Он замолчал, подумал несколько секунд, потом спросил:
— У тебя есть диплом бакалавра?
— Нет, я срезался два раза.
— Это ничего, если ты все-таки окончил курс. Когда говорят о Цицероне или о Тиберии, ты приблизительно знаешь, о ком идет речь?
— Да, приблизительно.
— Отлично. Никто не знает больше, за исключением десятка-другого дураков, которые все равно далеко с этим не уйдут. Прослыть знающим совсем не трудно; все дело в том, чтобы не дать себя открыто уличить в невежестве. Нужно лавировать, избегать затруднительных положений, обходить препятствия, сажать других в лужу с помощью энциклопедического словаря. Все люди глупы, как гуси, и невежественны, как карпы.

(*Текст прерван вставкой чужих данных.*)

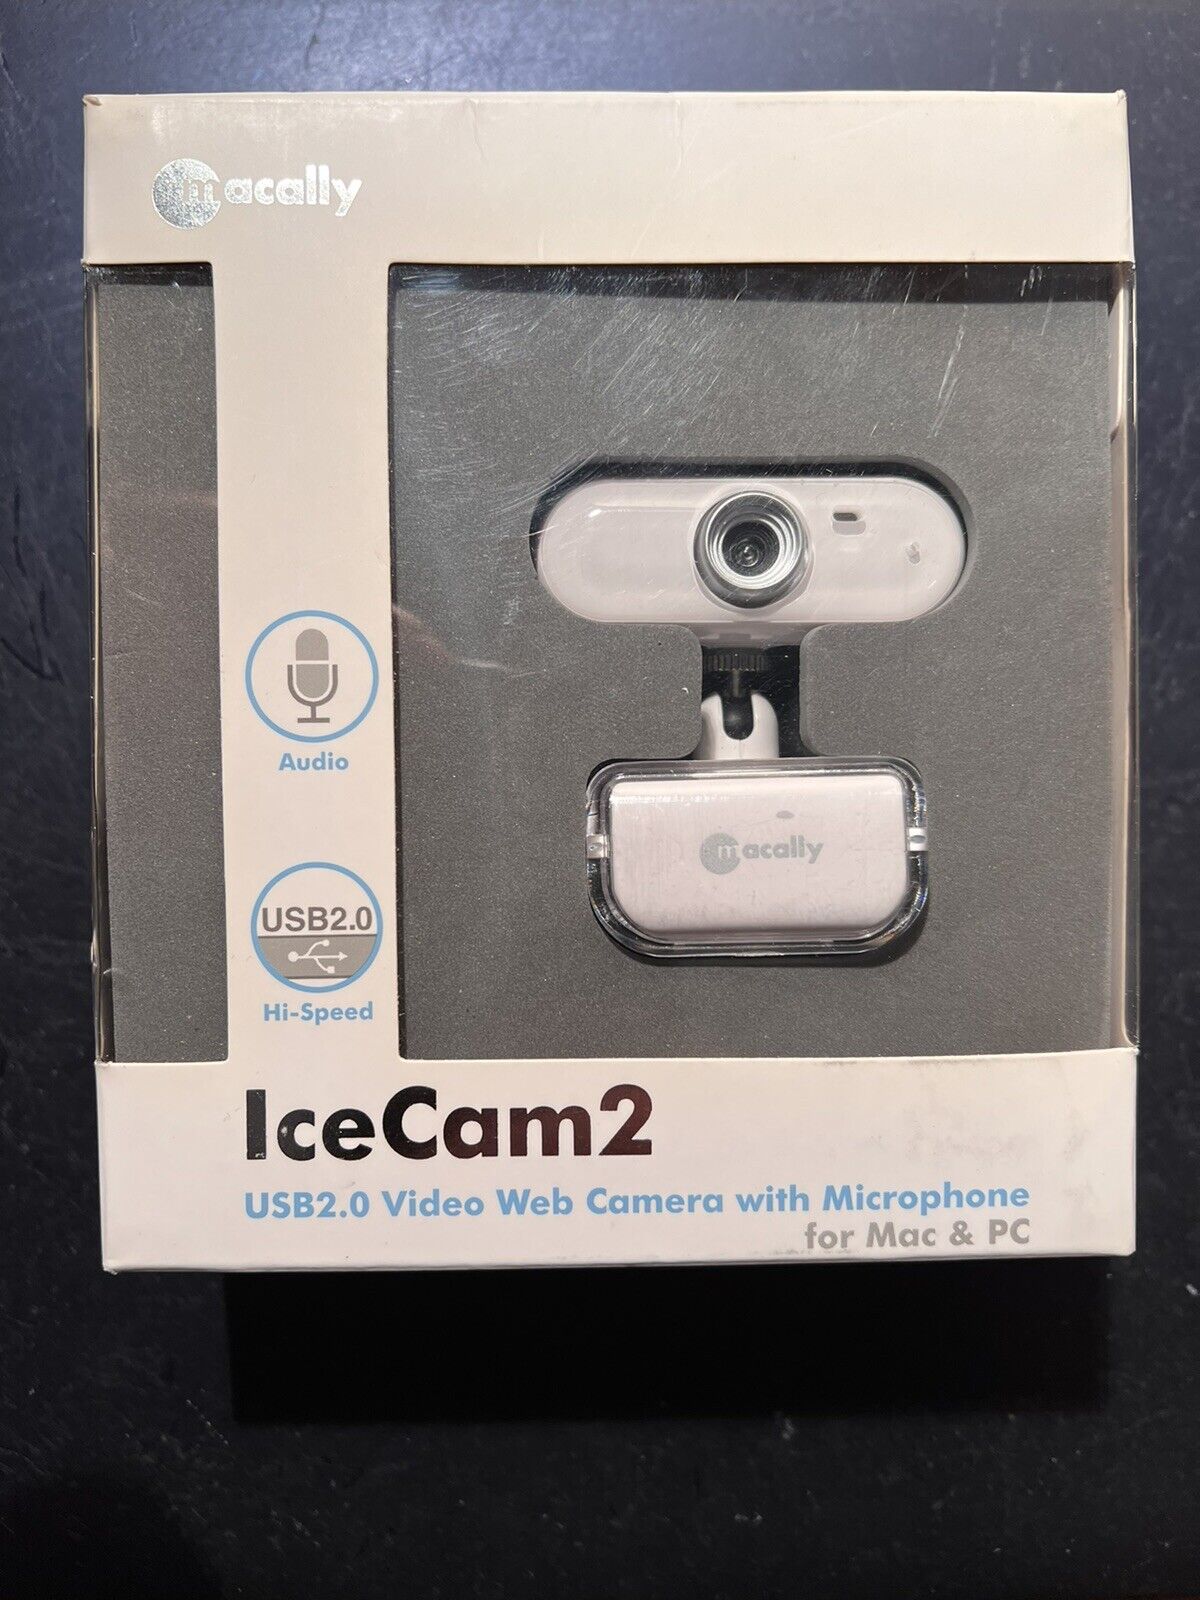 Macally IceCam2 USB 2.0  Video Web Camera with Microphone for Mac & PC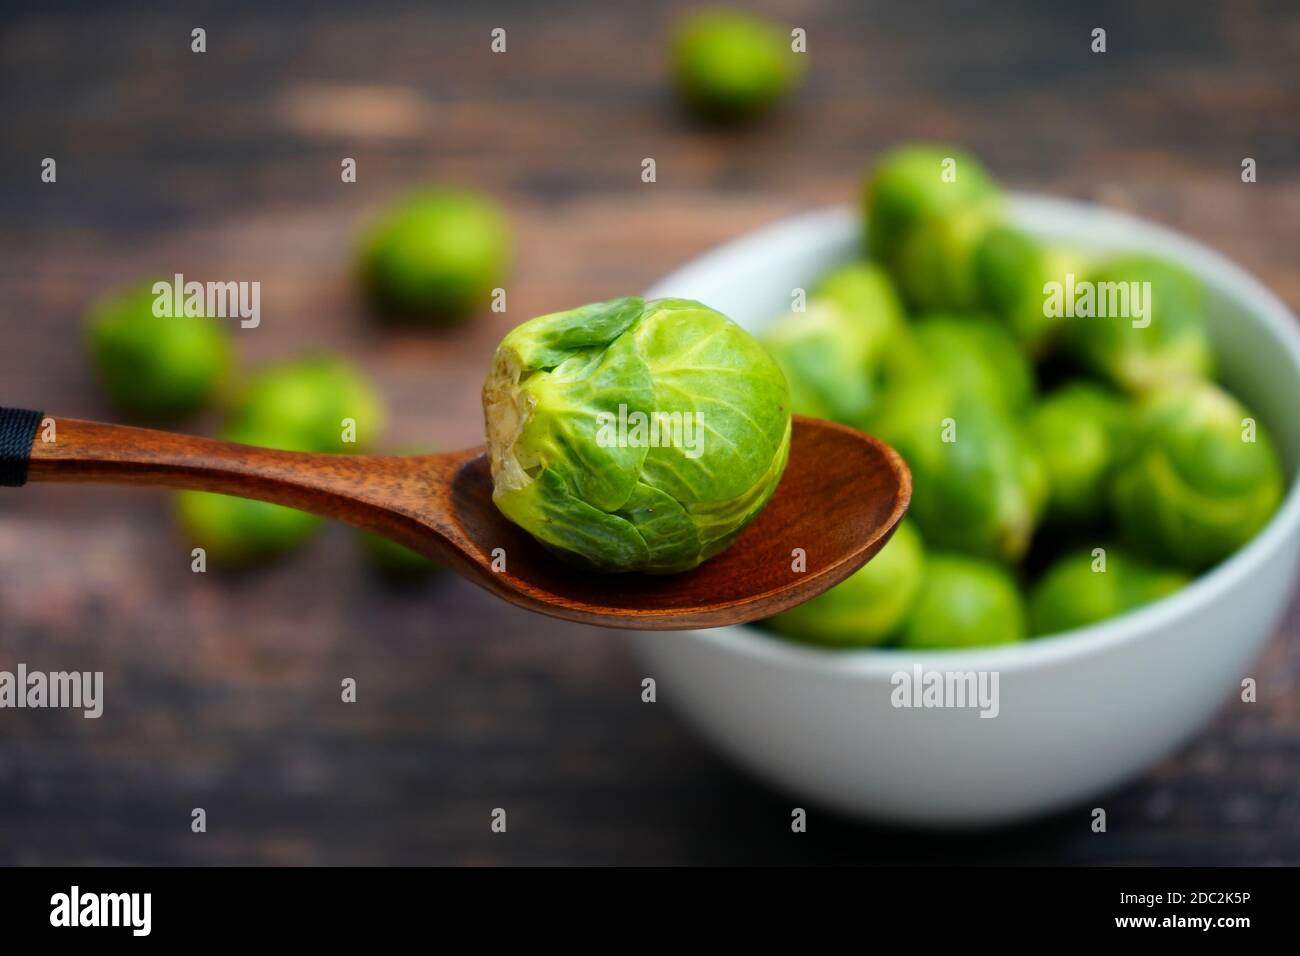 A wooden spoon holding a fresh Brussels sprout (German word: Rosenkohl). White bowl with Brussels sprouts in the blurred background. Stock Photo

Он говорил со спокойной насмешливостью человека, знающего жизнь, и улыбался, глядя на проходящих. Но вдруг он закашлялся и остановился, чтобы дать утихнуть приступу кашля, потом упавшим тоном сказал:
— Не безобразие ли это, что я никак не могу избавиться от своего бронхита? А ведь сейчас разгар лета! Нет! Этой зимой я поеду лечиться в Ментону. Будь что будет! Здоровье прежде всего.
Они дошли до бульвара Пуасоньер и остановились у большой стеклянной двери, на внутренней стороне которой был наклеен развернутый номер газеты. Трое прохожих стояли и читали ее.
Над дверью огромными зазывающими огненными буквами, вырисованными газовыми лампочками, значилось: «La Vie Française». Фигуры прохожих, внезапно попадавших в полосу света, отбрасываемого этими ослепительными словами, вдруг вставали, яркие и четкие, точно при дневном свете, и тотчас же снова исчезали во мраке.